▸ **PROBLEM DETAILS**: Write out the listing from the line with "Derale 59506 Fitting, Adapter, 90" to the line with "Best Buy: Panasonic", both lines included, exactly and nothing beyond. Leave pictures out.

▸ **STUDY MATERIAL**:

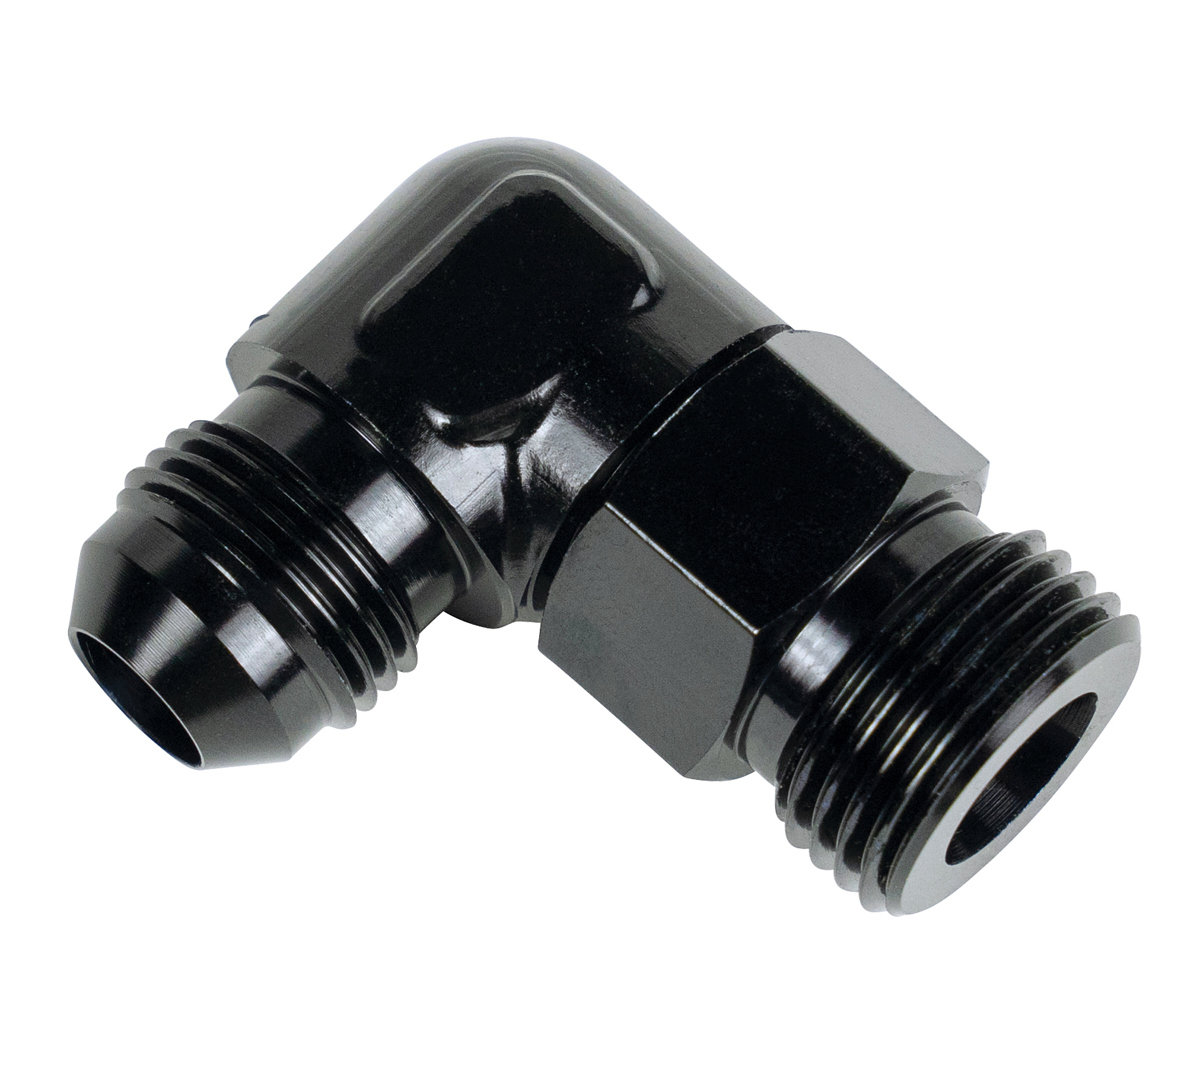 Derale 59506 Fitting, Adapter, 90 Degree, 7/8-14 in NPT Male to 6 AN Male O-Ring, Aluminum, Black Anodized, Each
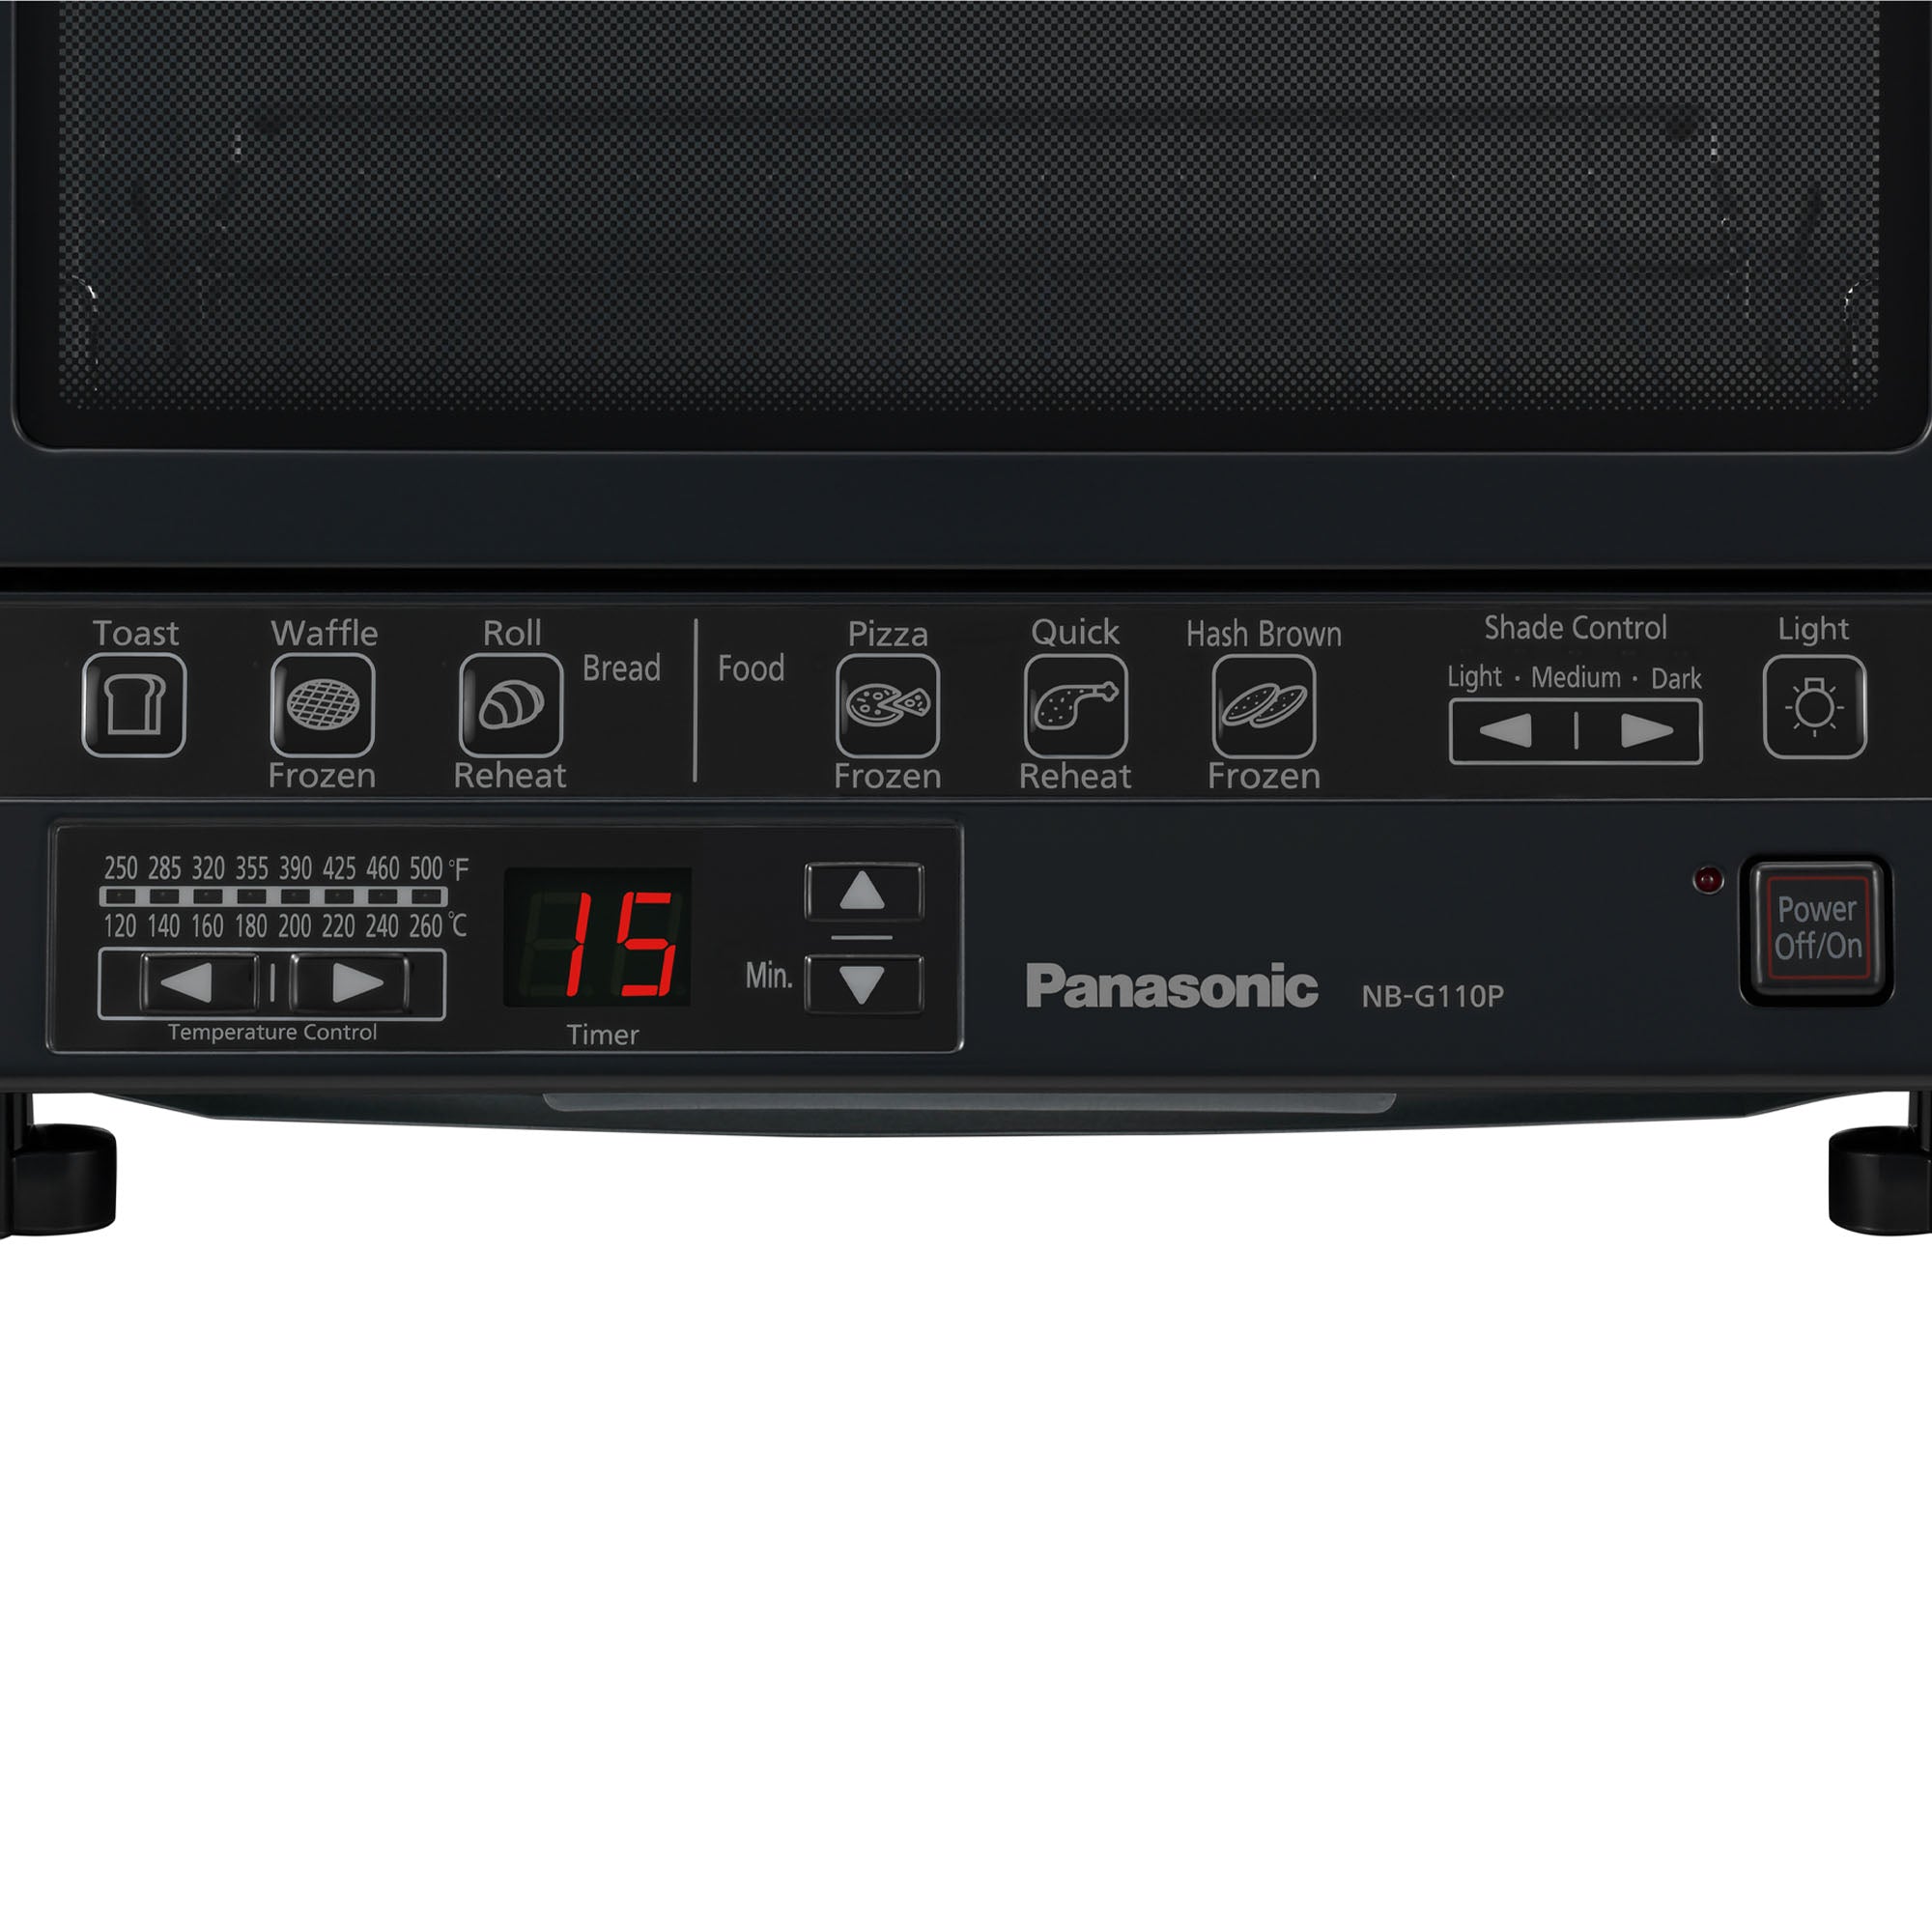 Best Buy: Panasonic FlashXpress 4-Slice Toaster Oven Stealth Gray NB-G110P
---
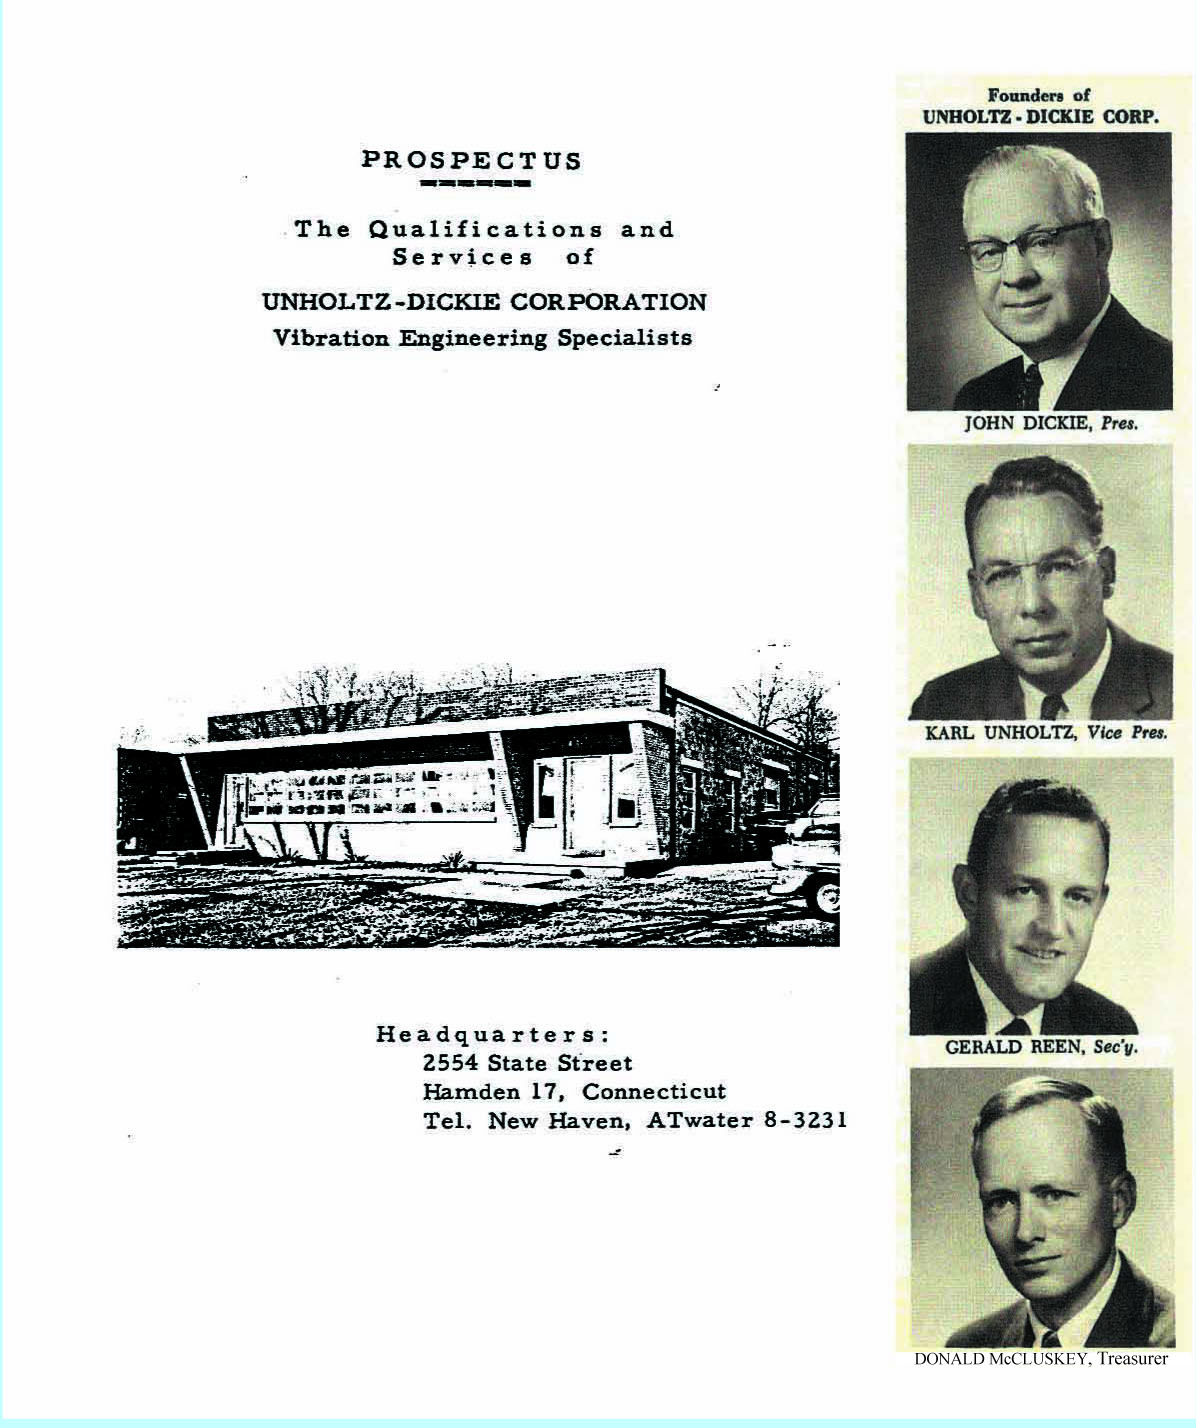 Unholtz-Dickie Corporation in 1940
...
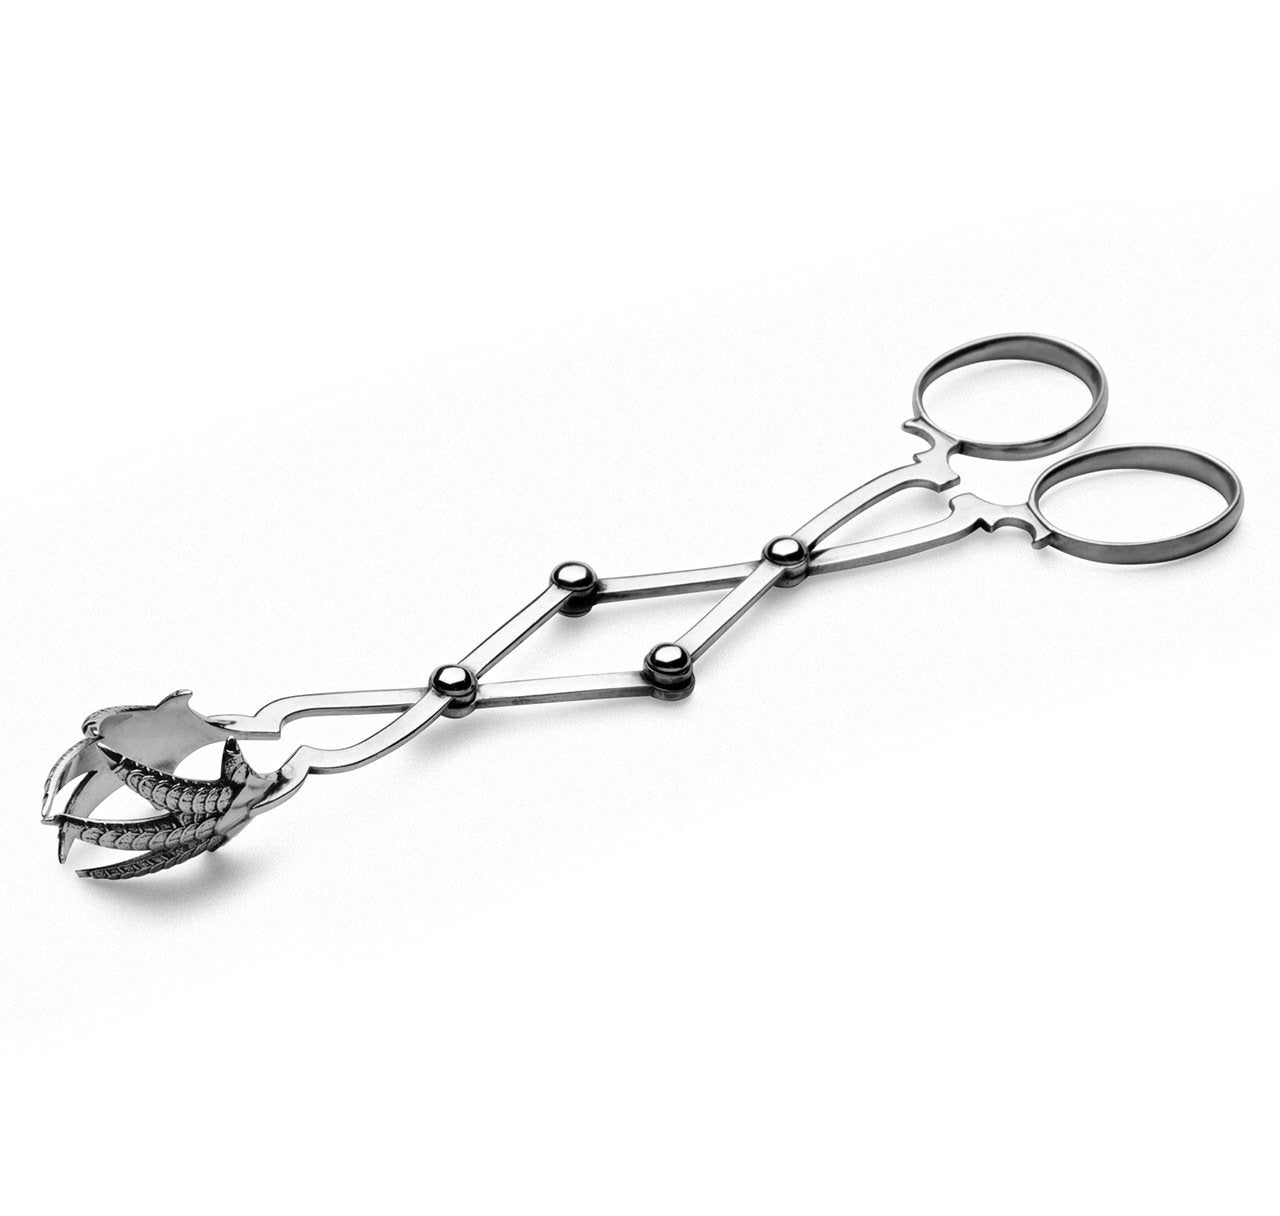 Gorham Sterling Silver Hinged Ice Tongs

▸ **RESPONSE BELOW**:
 Derale 59506 Fitting, Adapter, 90 Degree, 7/8-14 in NPT Male to 6 AN Male O-Ring, Aluminum, Black Anodized, Each
 Best Buy: Panasonic FlashXpress 4-Slice Toaster Oven Stealth Gray NB-G110P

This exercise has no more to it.